*** Opening of Exercise data ***
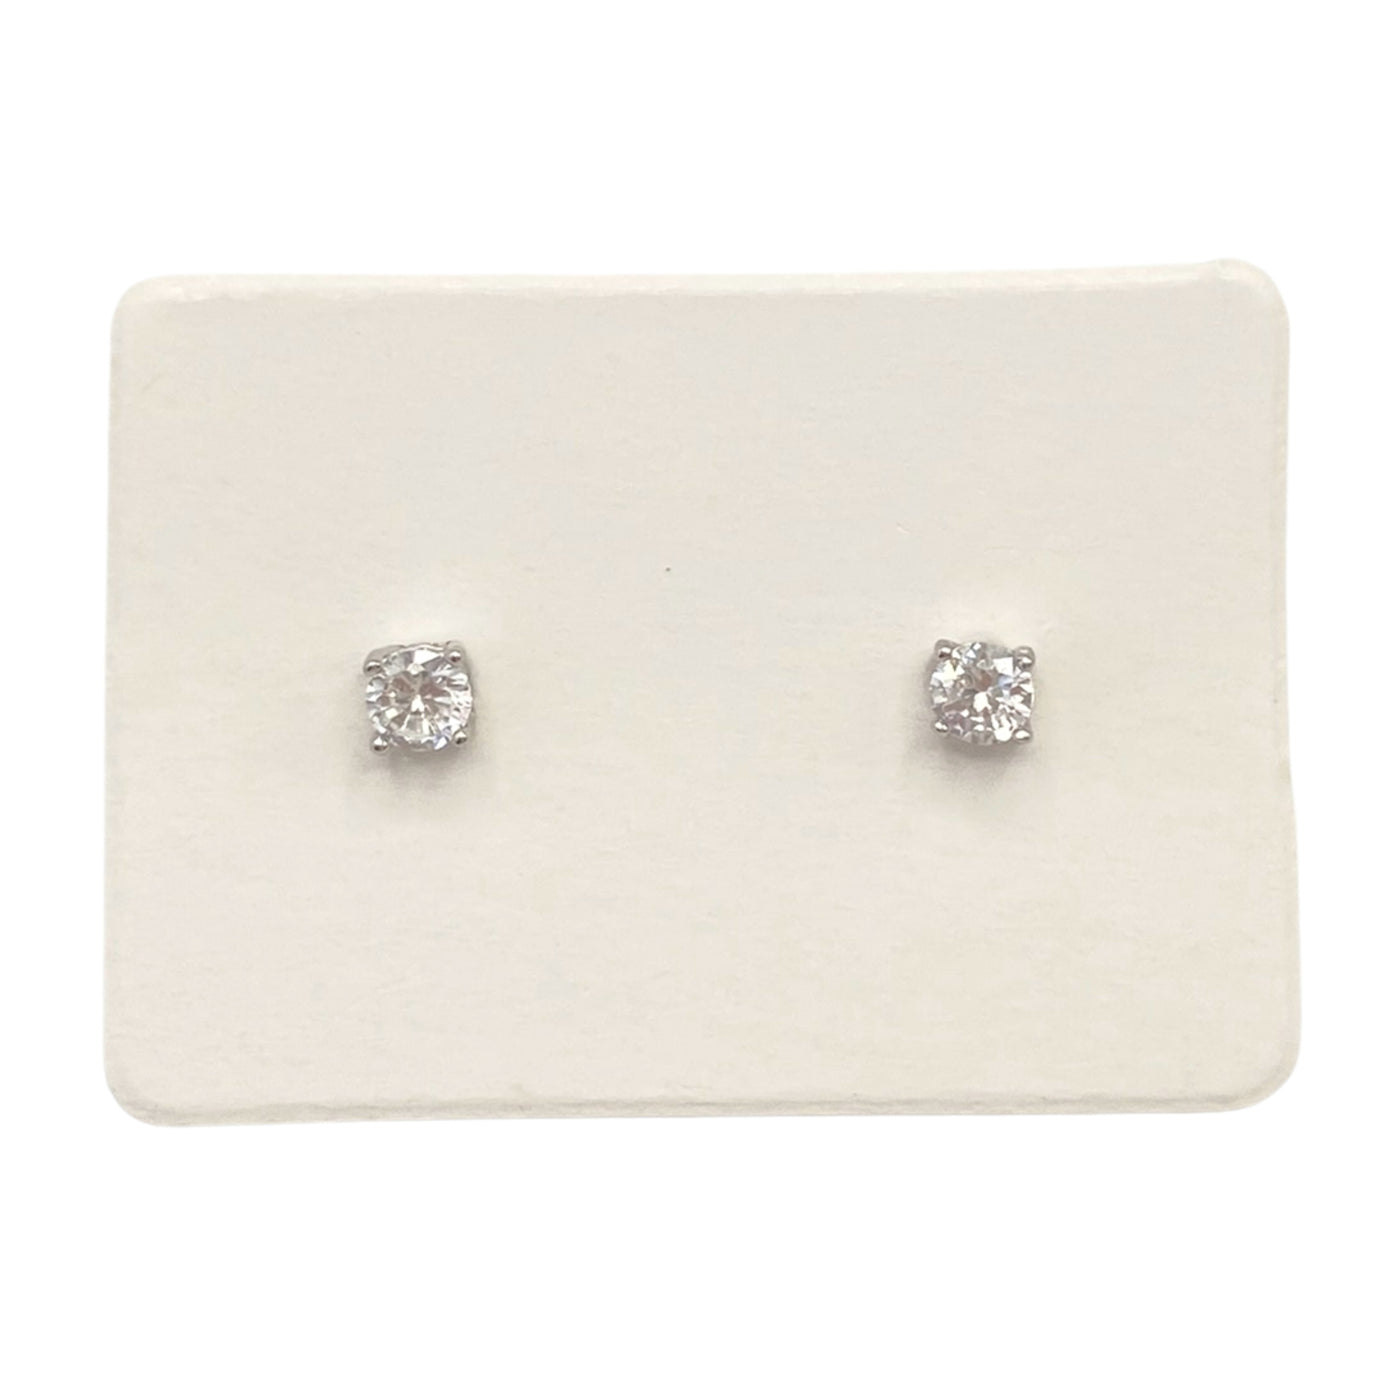 Pack of 5 silver white round earrings - 3 mm
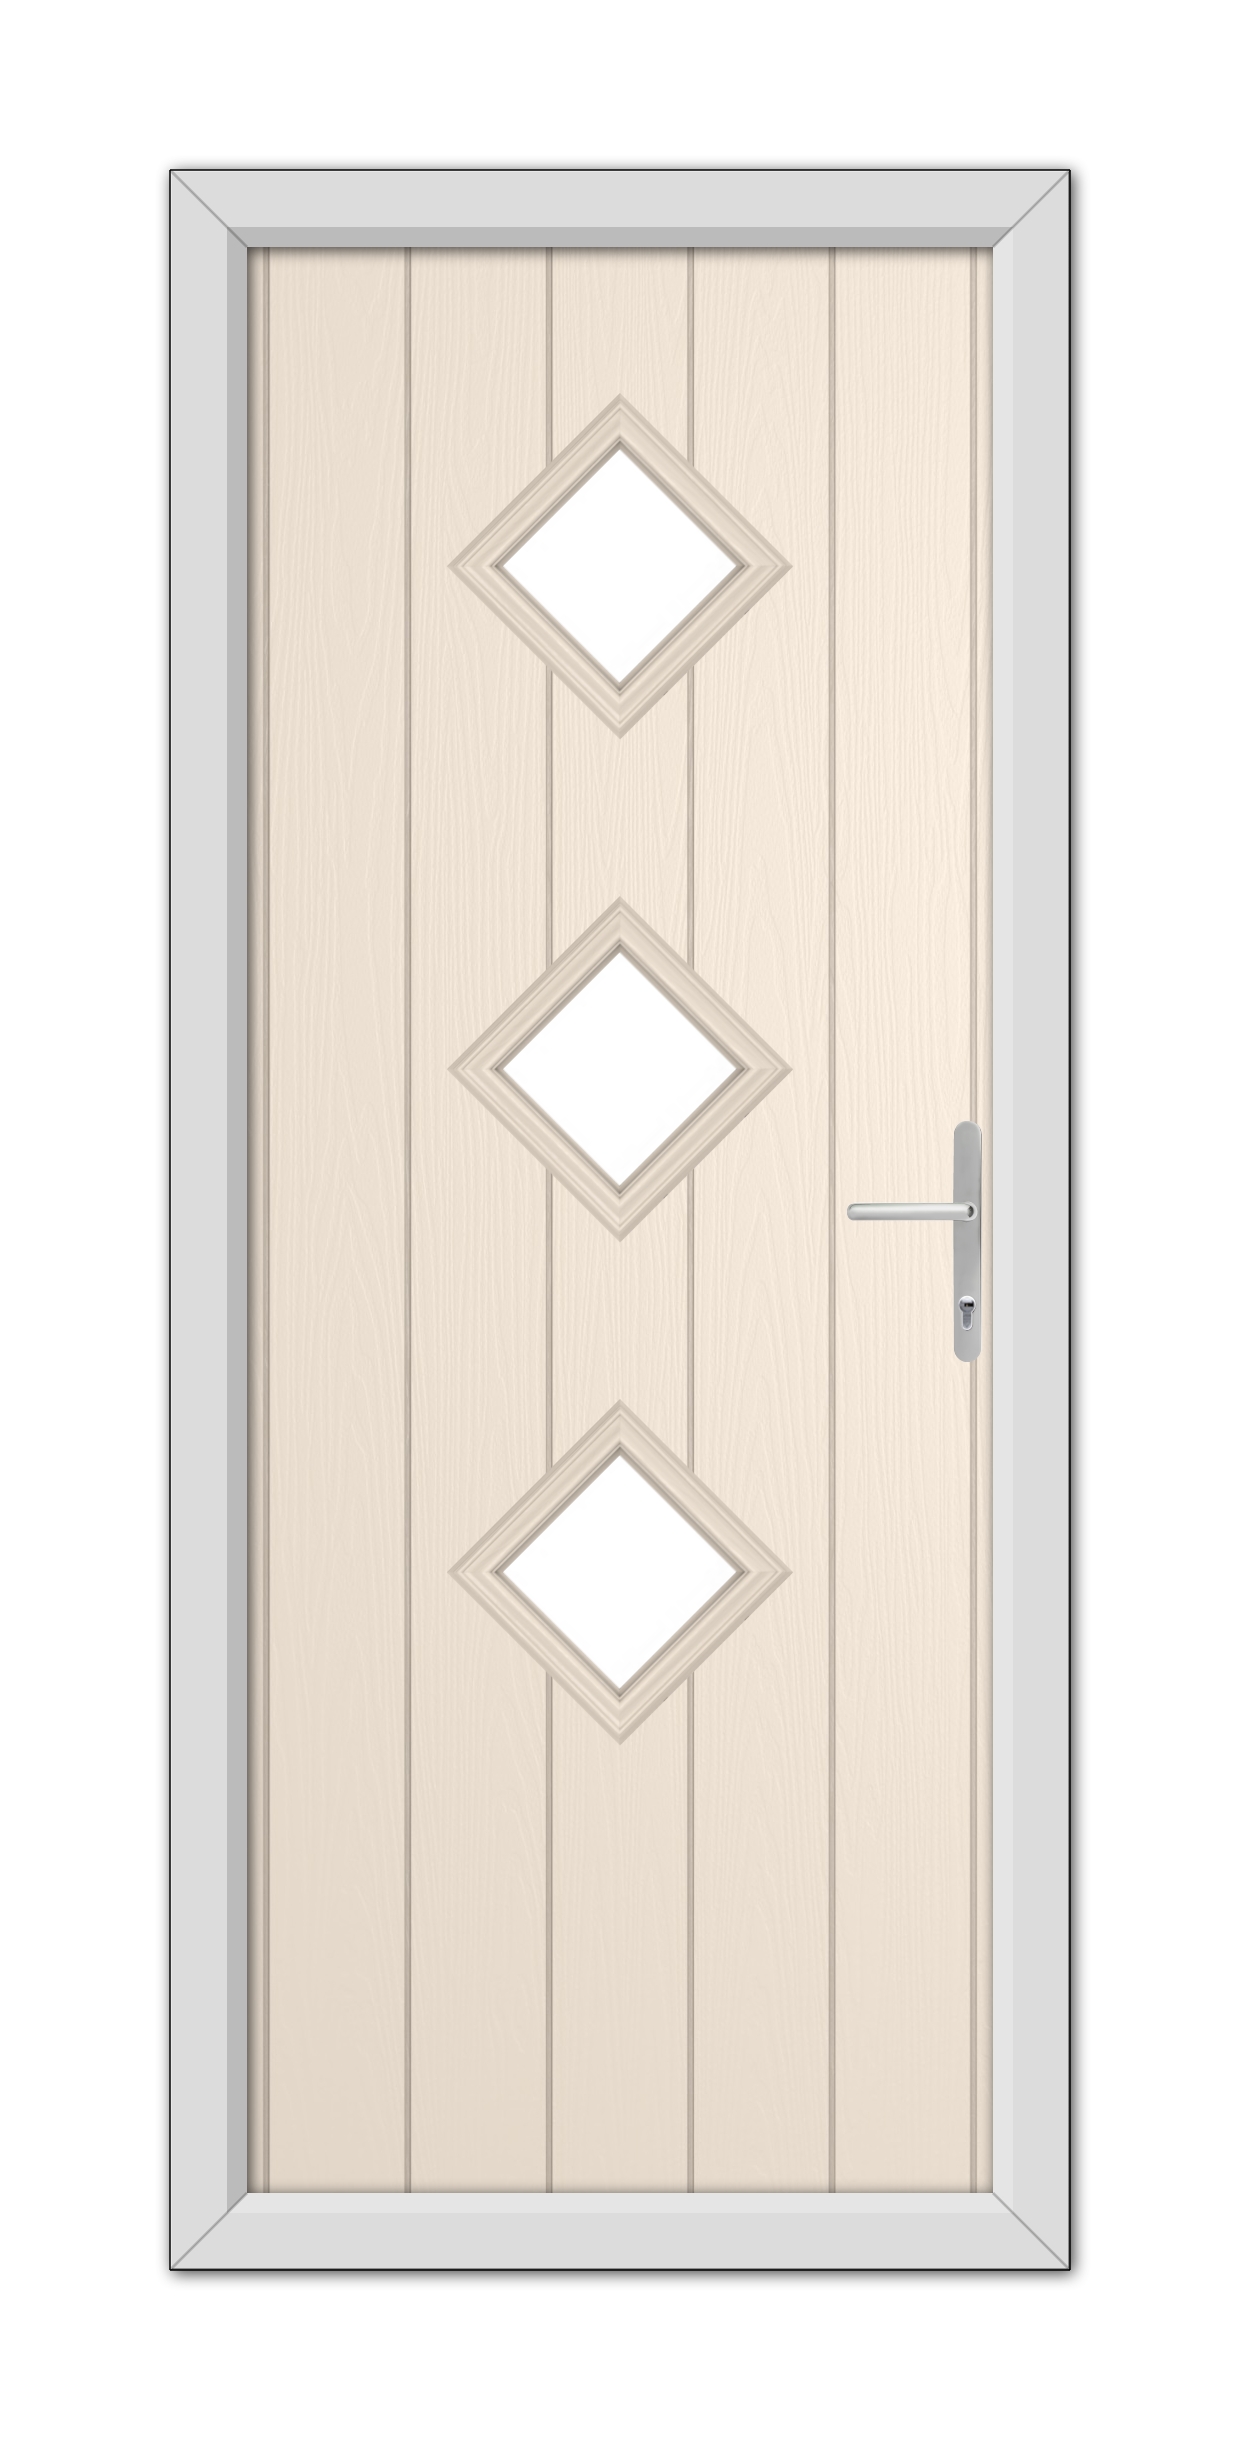 A Cream Richmond Composite Door 48mm Timber Core with three diamond-shaped windows and a modern silver handle, set within a gray frame.
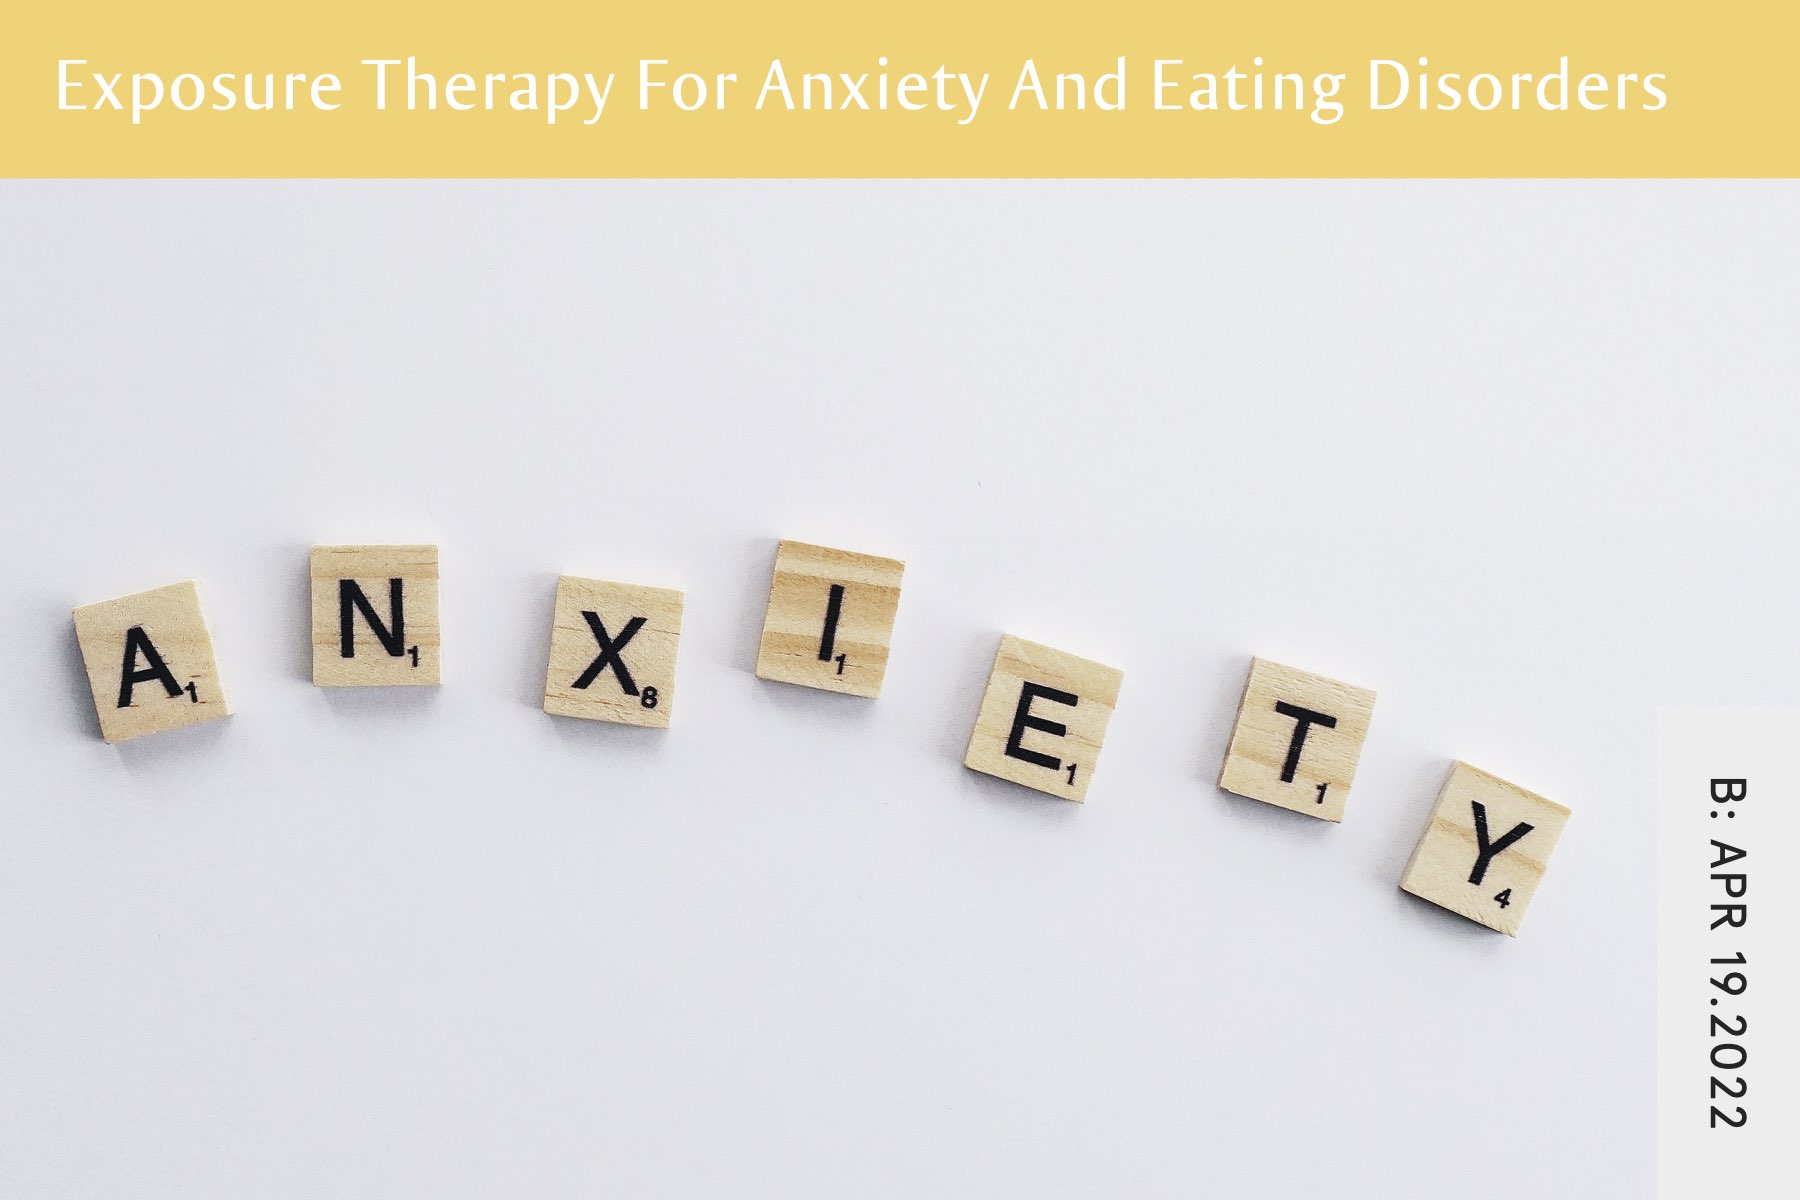 Exposure Therapy For Anxiety And Eating Disorders - Seven Health: Eating Disorder Recovery and Anti Diet Nutritionist
*** Close of Exercise data ***
All pictures should be dropped; the lines from the one containing "A Cream Richmond" through the last line of the material are to be set down exactly.

**Exercise solution:**
 A Cream Richmond Composite Door 48mm Timber Core with three diamond-shaped windows and a modern silver handle, set within a gray frame.
 Exposure Therapy For Anxiety And Eating Disorders - Seven Health: Eating Disorder Recovery and Anti Diet Nutritionist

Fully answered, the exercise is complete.